# High-Rise Fire - Aluminum Composite Cladding



## Gedeon (Apr 5, 2013)

ThatOneGuy said:


> I think we have another victim of Alucobond fire


According to reports it was Arconic Reynobond PE (polyethylene core).


----------



## ThatOneGuy (Jan 13, 2012)

*Cladding stripped from residential towers across UK in wake of Grenfell Tower fire*



> Cladding is being removed from residential high-rises across the UK following concerns over fire safety in the wake of the Grenfell Tower tragedy.
> 
> The government has ordered tests on up to 600 high-rise buildings to establish whether they have been clad in the same aluminium composite material used at Grenfell Tower, as last week's disaster continues to send shockwaves through the UK construction industry.
> 
> ...



https://www.dezeen.com/2017/06/23/c...-towers-across-uk-grenfell-tower-fire-safety/


----------



## ThatOneGuy (Jan 13, 2012)

The aptly named 'Marina Torch' in Dubai has caught fire..._again._










*Massive fire breaks out at Dubai's 1,105ft Torch tower*


> This is the building's second major blaze since opening in 2011
> 
> A massive fire has broken out at Dubai's 1,105ft tall Torch Tower.
> 
> ...


http://www.independent.co.uk/news/w...bai-marina-united-arab-emirates-a7876021.html


----------



## Zaz965 (Jan 24, 2015)

why don't they ban such king of coating on buildings? :dunno:


----------



## ThatOneGuy (Jan 13, 2012)

It seems Zaha Hadid has been using this cladding. I expected better from her firm.

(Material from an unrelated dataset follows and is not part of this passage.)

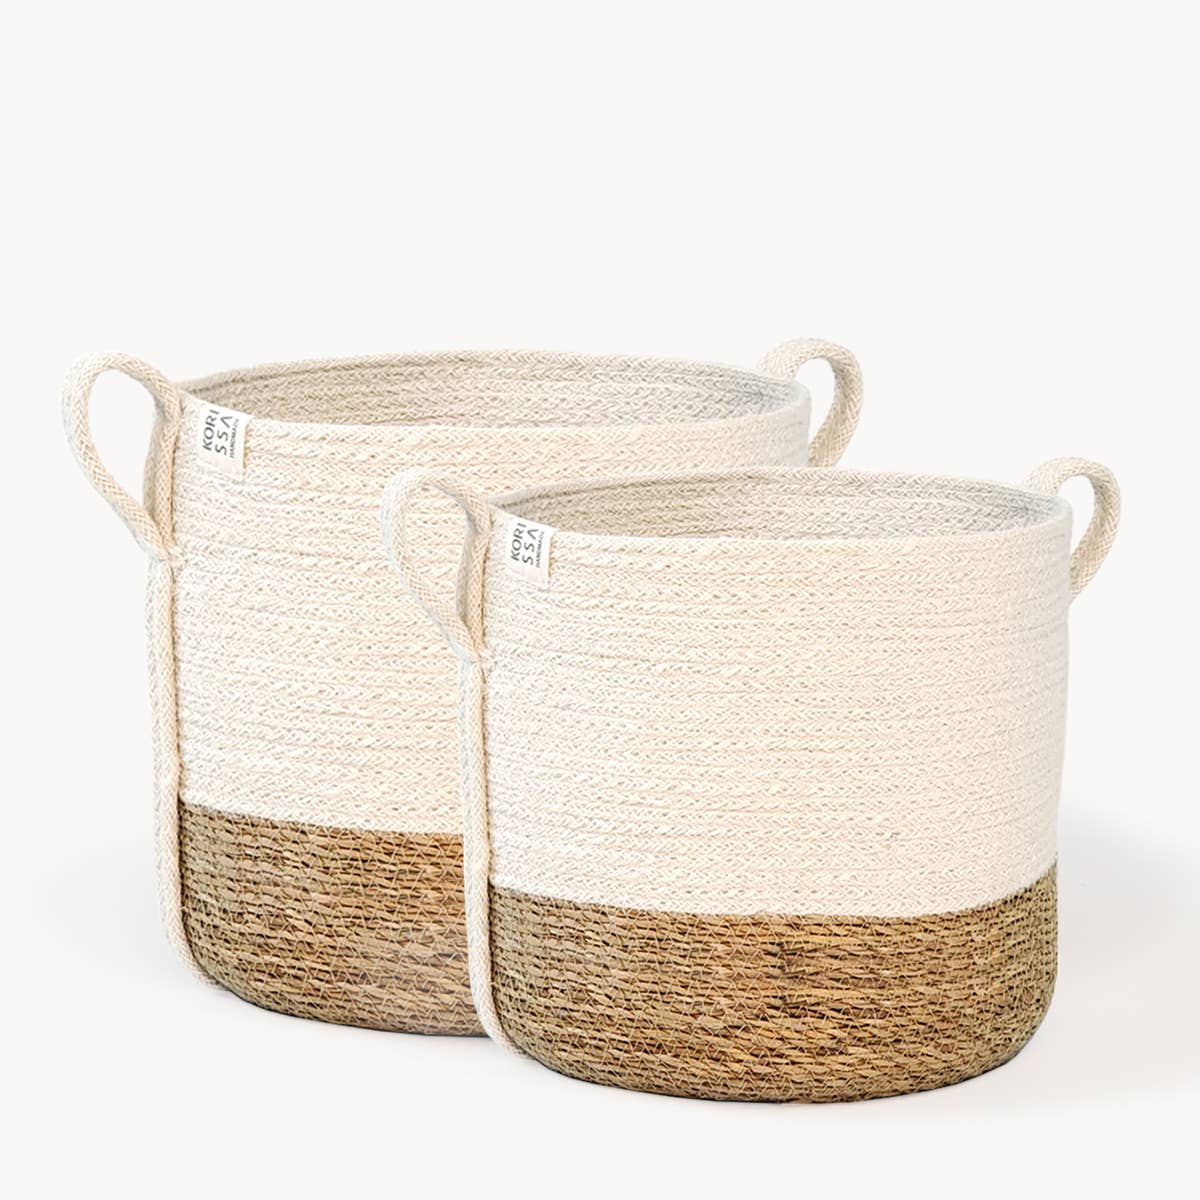 Savar colorblock storage baskets, set of 2, handmade in Bangladesh, color natural and white

Fire Breaks Out at the Zaha Hadid-Designed Building in Beirut, Lebanon


In the Lebanese capital, Beirut, a fire erupted on Tuesday Morning at the Zaha Hadid-Designed building.




www.archdaily.com


----------



## ThatOneGuy (Jan 13, 2012)

Another victim of aluminum composite cladding in Milan. No casualties reported.


----------